Figure 1.1.1. GC's display of calculating $60\cdot 60\cdot 24\cdot 365\cdot 299792458$

The exact value of this product is $9\,454\,254\,955\,488\,000$ meters, or about 9.5 million billion meters. A particle of light travels a lot of meters in one year.

How many trips to the moon and back is one light-year? The average distance from earth to moon is 384 400 km, or $384\,400\,000$ meters. Use GC to calculate the number of round trips to the moon equivalent to $9\,454\,254\,955\,488\,000$ meters (one light-year).

Figure 1.1.2. Calculating the number of round trips to the moon equivalent to one light-year.

One light-year is more than 12 million round trips to the moon. Put another way, a pulse of light would make 12 round trips to the moon in less than one-millionth year.

A pulse of light would make how many round trips to the moon in one second?

But one light-year is also a small distance. One light-year is about $\dfrac{4}{17}$ the distance to Proxima Centauri, the nearest star to Earth outside our solar system. At the same time, a light-year is approximately $\dfrac{1}{106\,000}$ the width of the Milky Way and is approximately $\dfrac{1}{45\,000\,000\,000}$ (one forty-five-billionth) the distance from earth to the edge of the visible universe. The point is, large quantities are large compared to smaller quantities, but they can be very small compared to much larger quantities.

Useful Information About Units of Measurement

The International System of units (SI) is standard around the world, including the United States. The U.S. also uses a common system of units based on the old English system. Here are some facts about units you can use in the following exercises.

Common Abbreviations

Common Conversions

Large Units

Speed of light = $299\,792\,458$ meters per second

Average distance from Earth to Sun = $149\,597\,870.7$ km

Distance from earth to edge of visible universe = $4.6 \cdot 10^{10}$ light-years

Exercise Set 1.1

Use GC for your computations. Enter "*" for multiplication, "/" for division, shift-6 ("^") for an exponent, "$\downarrow$" to exit an exponent, "$\rightarrow$" to move to the next term.

You might be tempted to use your personal calculator for these exercises. PLEASE DON'T DO THIS. Use GC. It is by using GC that you will become comfortable using it. Being comfortable with GC will be very important for later chapters.

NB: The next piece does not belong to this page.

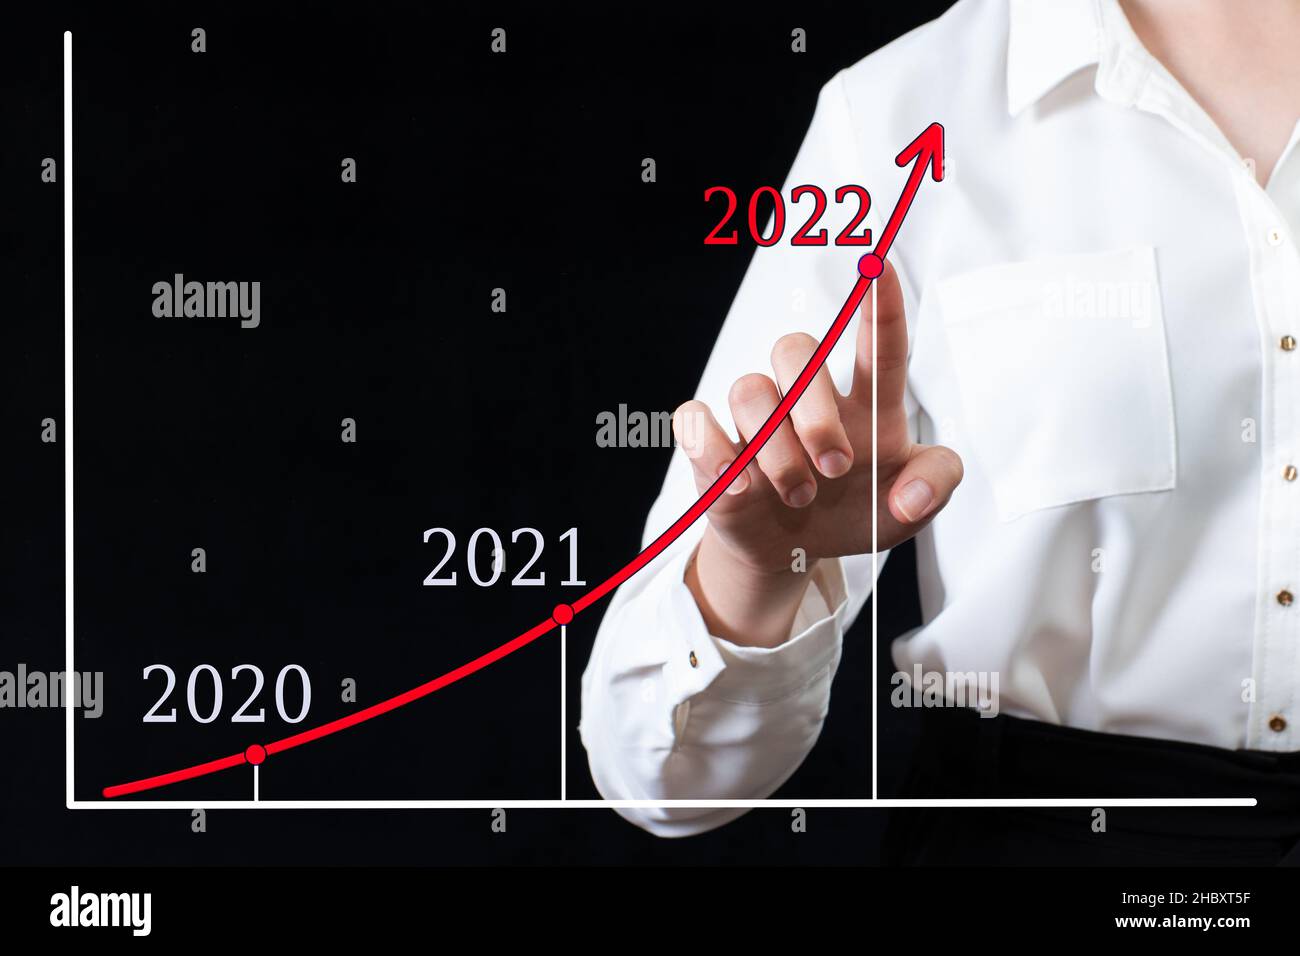 Ein Geschäftsmann zeigt seine Hand auf ein Pfeildiagramm mit hohen Wachstumsraten im Jahr 2022 gegenüber 2020 und 2021. Die Frau plant, die finanzielle Leistung zu steigern Stockfoto

1. About how many minutes will it take a pulse of light to travel from Sun to Earth?
2. The figure below is a video that starts with a graph of $y=x^{1000}$ in a standard coordinate system. It then shows the vertical axis being stretched so the top of the graph window shows a y-value of 6e-64 (which means $6 \cdot 10^{-64}$, or 6 divided by $10^{64}$).
   
   Use a ruler to measure the distance from 0 to $6 \cdot 10^{-64}$ on the vertical axis on your screen.
   1. Approximately how far away, in light-years, is 1 from the horizontal axis after the stretching stopped?
   2. Interpret your answer to Part (a) in units of trips to the moon.
   3. Interpret your answer to Part (a) in units of trips to the Sun.
   4. Interpret your answer to Part (a) in units of trips across the Milky Way.
   5. Interpret your answer to Part (a) in units of trips from earth to the edge of the visible universe.